Как все они, Наташа верила, что лучшее дело ее юности только отложено и, как пробьет час, ее не минует. Этой верой объяснялись все недостатки ее характера. Этим объяснялась ее самоуверенность, смягченная лишь полным Наташиным неведением о таком своем изъяне. Этим также объяснялись те черты беспредметной праведности и всепрощающего пониманья, которые неистощимым светом озаряли Наташу изнутри и были ни с чем не сообразны.
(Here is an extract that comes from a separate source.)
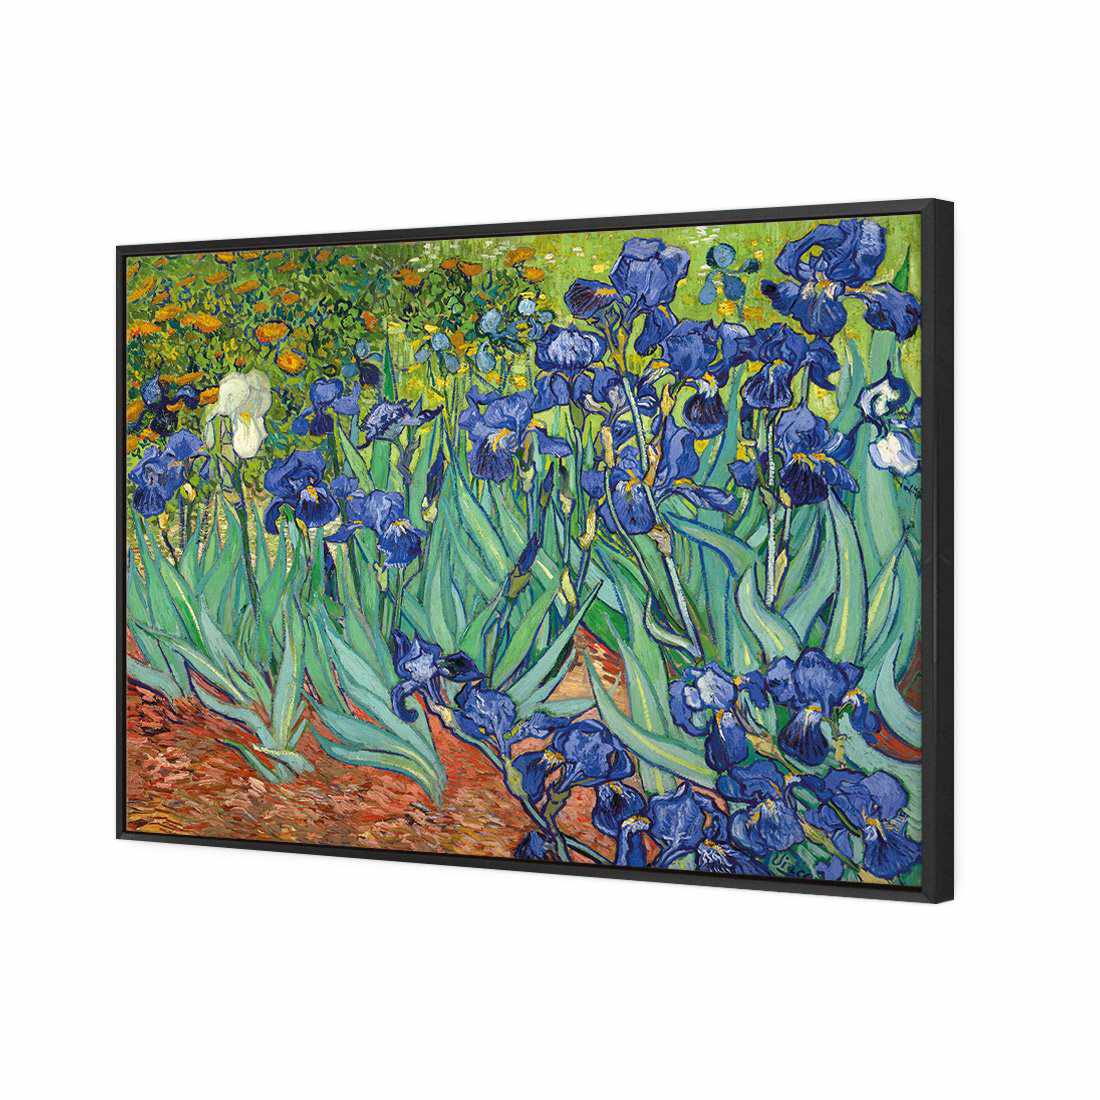 Irises 2 - Van Gogh Canvas Art-Canvas-Wall Art Designs-45x30cm-Canvas - Black Frame-Wall Art Designs
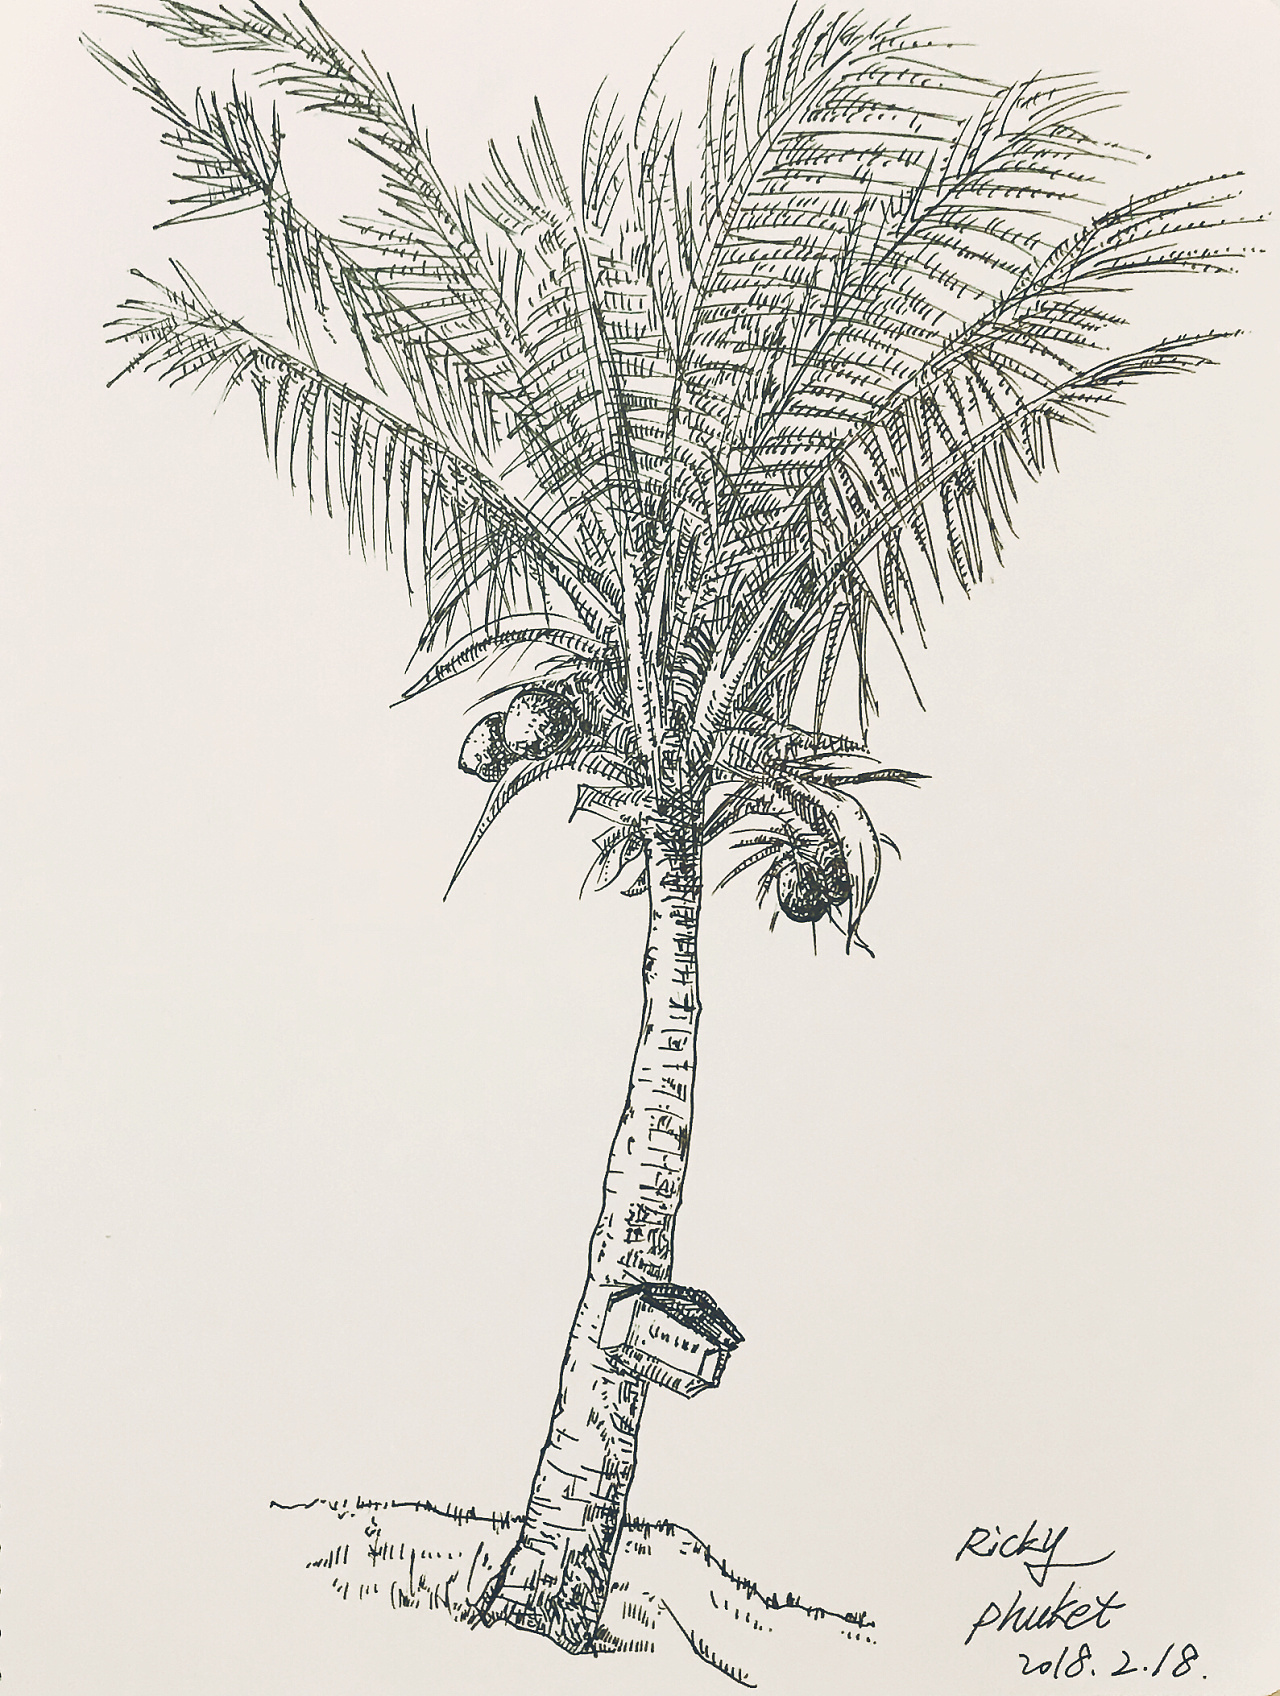 椰子树简笔画图片大全 简单易学_椰子树简笔画

По родне она узнала, что у Сережи что-то такое подеялось. Надо заметить, что ей было известно все, начиная от имени Сережиной избранницы вплоть до того, что Ольга замужем и в счастливом браке с инженером. Она ни о чем не стала расспрашивать брата. Поступивши так из общелюдского приличия, она, однако, тут же, как светлая личность, себе это вменила в особую кастовую заслугу. Она ни о чем не стала расспрашивать Сережу, но, вся дыша сознаньем прямой подведомственности его истории тому вдумчивому и чуткому началу, которое собой олицетворяла, ждала, чтобы, не снеся замкнутости, он излился перед нею сам. Она притязала на его внезапную исповедь, ожидая ее с профессиональным нетерпеньем, и кто осмеет ее, если примет в расчет, что в братниной истории имелись и свободная любовь, и яркая коллизия с житейскими цепями брака, и право сильного, здорового чувства, и, бог ты мой, чуть ли не весь Леонид Андреев. Между тем на Сережу пошлость под запрудою действовала хуже глупости, безудержной и искрометной. И когда он раз не выдержал, то его уклончивость сестра истолковала по-своему, а из его мешковатых недомолвок узнала, что у любящих все расстроилось. Тогда чувство компетенции только возросло у ней, потому что к увлекательному инвентарю, приведенному выше, прибавилась и обязательная, по ее понятиям, драма. Потому что, как ни далек был ей брат, опоздавший родиться на пять лет с месяцами против ее поколенья, были глаза и у ней, и она видела, да и не ошибалась, что никакие проказы и шалости Сереже не присущи. И только слово драма, разнесенное Наташею по знакомым, было не из братнина словаря.